Trinkets and treasure: China tames the US By Julian Delasantellis
Aug 31, 2007
August in Seattle sees the arrival of Seafair, the city's annual midsummer entertainment and cultural festival. A traditional part of Seafair has been the arrival of a number of US Navy warships for the "parade of ships" through Puget Sound, then to dock in Seattle for tours by the large numbers of local citizenry who wait to board the ships for hours under the hot sun - in contrast to everything you might have heard, it rains very infrequently in Seattle during midsummer.

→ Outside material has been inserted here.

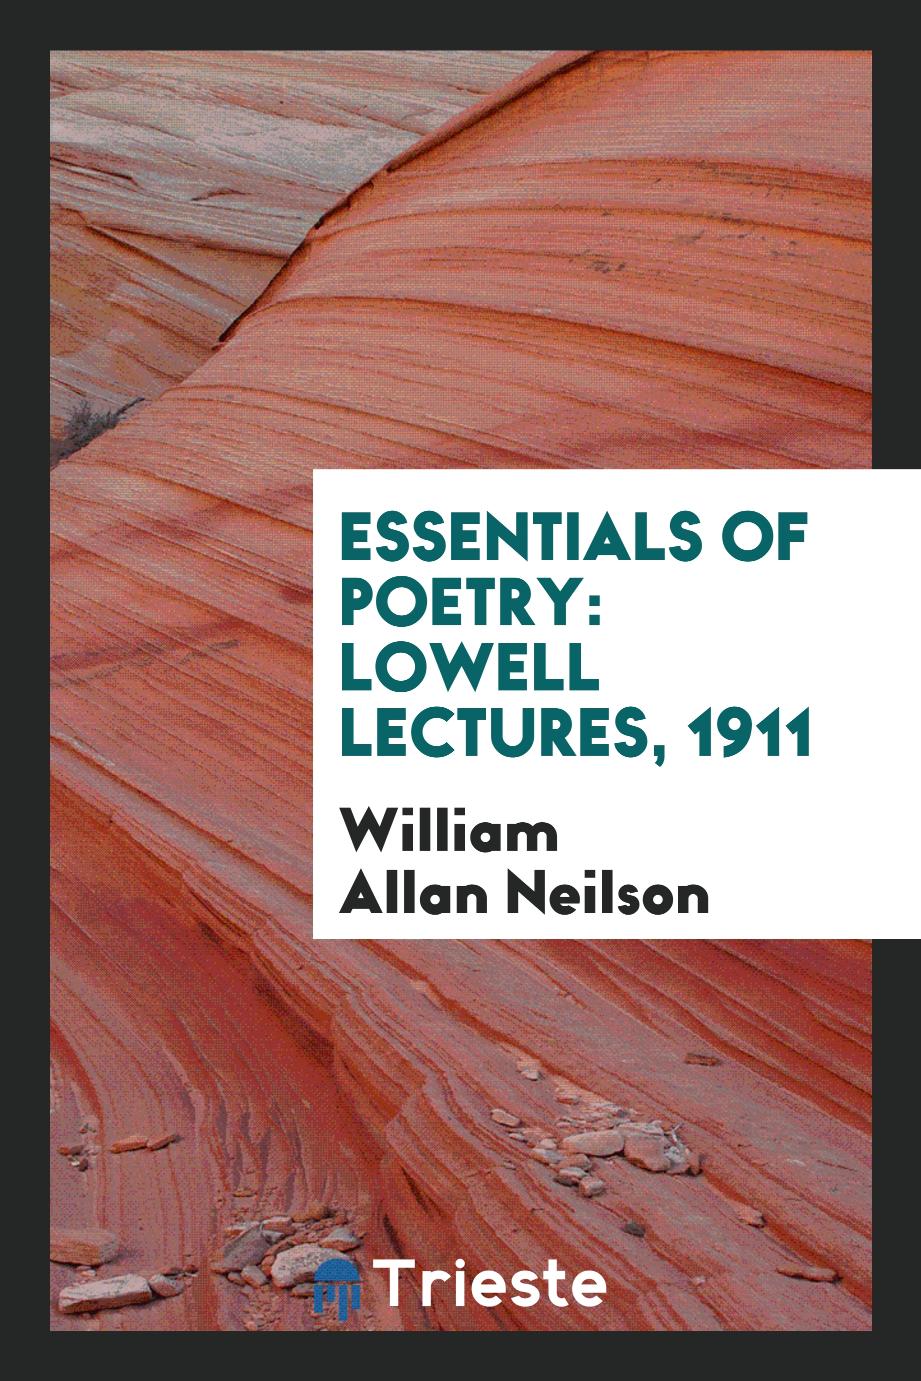 William Allan  Neilson - Essentials of Poetry: Lowell Lectures, 1911
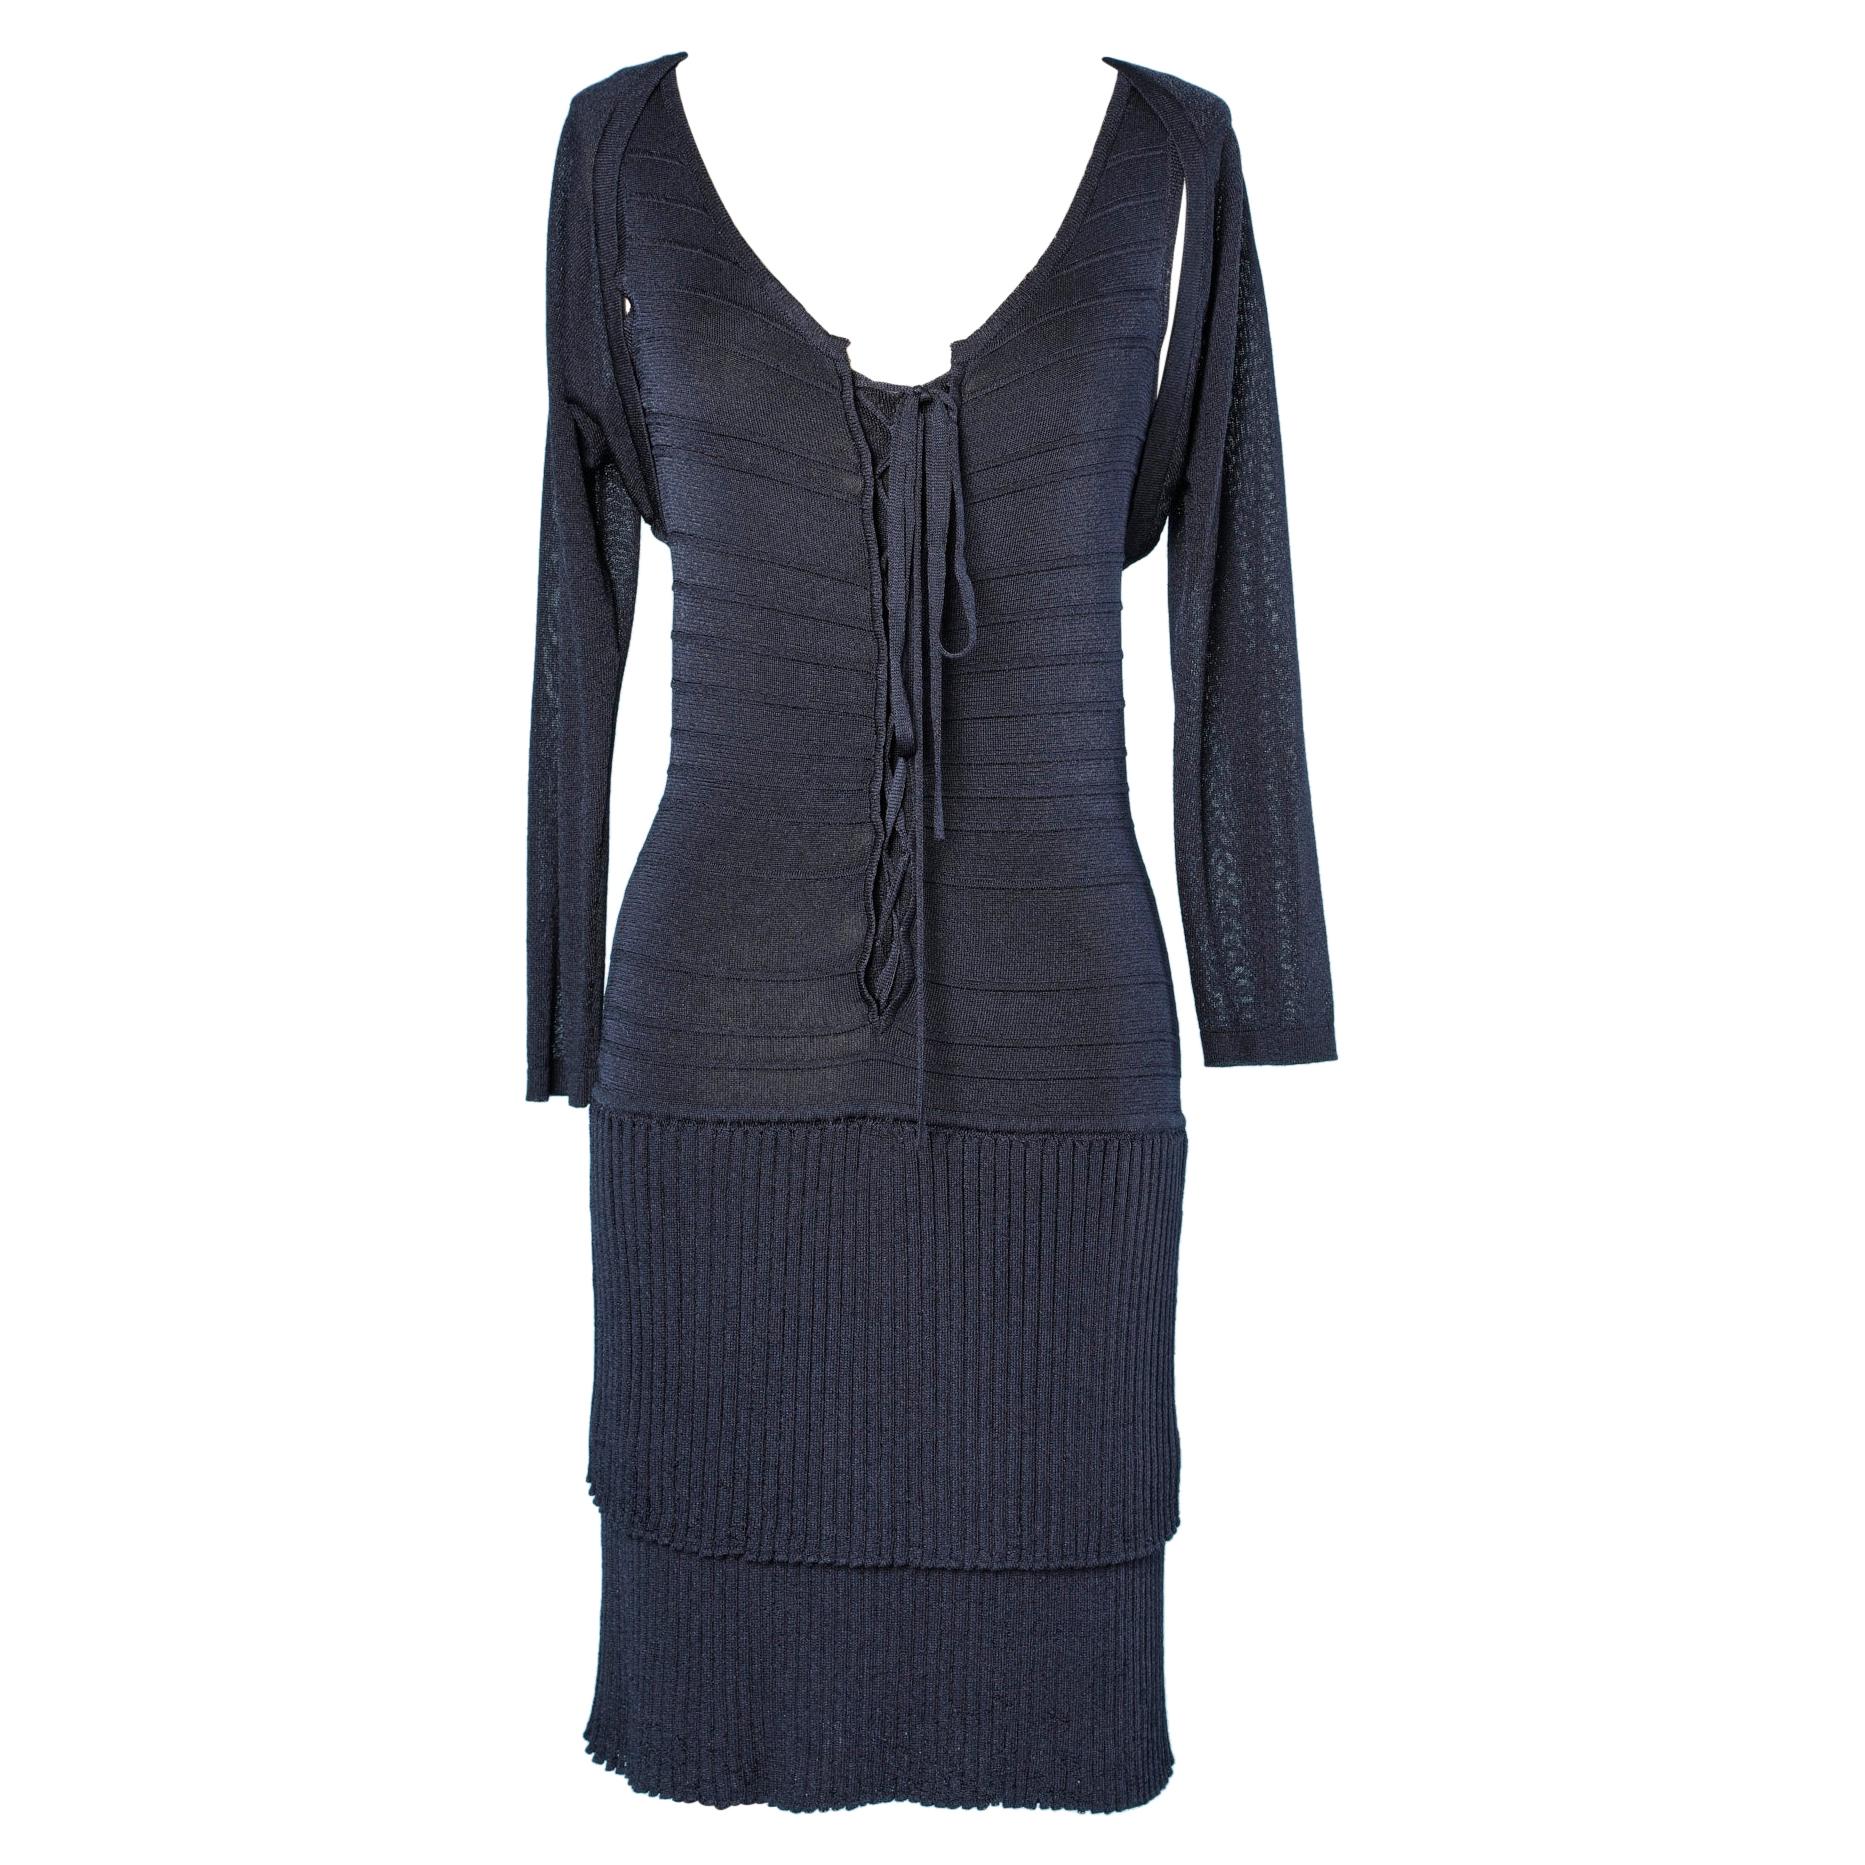 Dress and Boléro in navy blue viscose knit Luisa Spagnoli  For Sale

The parade of ships for Seafair 2007 was not all that impressive; just a few smaller navy combat and support ships. All the big capital ships of the navy's Pacific fleet are currently in the Persian Gulf, steaming around in circles, waiting to bump into something with an Iranian flag on it so the American neo-conservatives can manufacture a casus belli for a future catastrophic war in Iran that will divert Americans' attention from the current catastrophic war in Iraq.
~snip~
You frequently see containerized cargo ships making their way down Puget Sound to the port facilities in Seattle, completing their two-week high-seas journey from the massive Hong Kong and Shenzhen port complexes in southern China.
Most of the time, as they complete these voyages in from the Pacific, they ride low in the water, right down to the waterline. On these ships, the thousands of containers visible on deck, and the many more you don't see under the decks (the largest container ship in the world, the Maersk Line's Emma Maersk, can hold more than 14,000 individual 20-foot container units) are chock full, with TVs, washing machines and appliances, tires, toys and trinkets; the full catalogue of rapidly depreciating disposables over which North America is sacrificing its treasure.
As the containerized cargo ships leave Seattle, or San Francisco, or Long Beach, San Diego, Vancouver, all the way north to the newly bustling port of Prince Rupert, British Columbia, the ships ride a lot higher in the water. Most of the cargo containers are empty; they're being sent back to China to be refilled.
~snip~
Real power now lies in those cargo ships forever steaming inexorably to the American heartland. In a couple of years, the United States will conclude its (by then) million-death, trillion-dollar misadventure in trying to subdue a few spits of green land between the Tigris and Euphrates. It will discover that, even if General David Petraeus' "surge" might have won the battle of al-Anbar, back home the US ruling elite has surrendered to China in the battle for the United States, without even firing a single shot.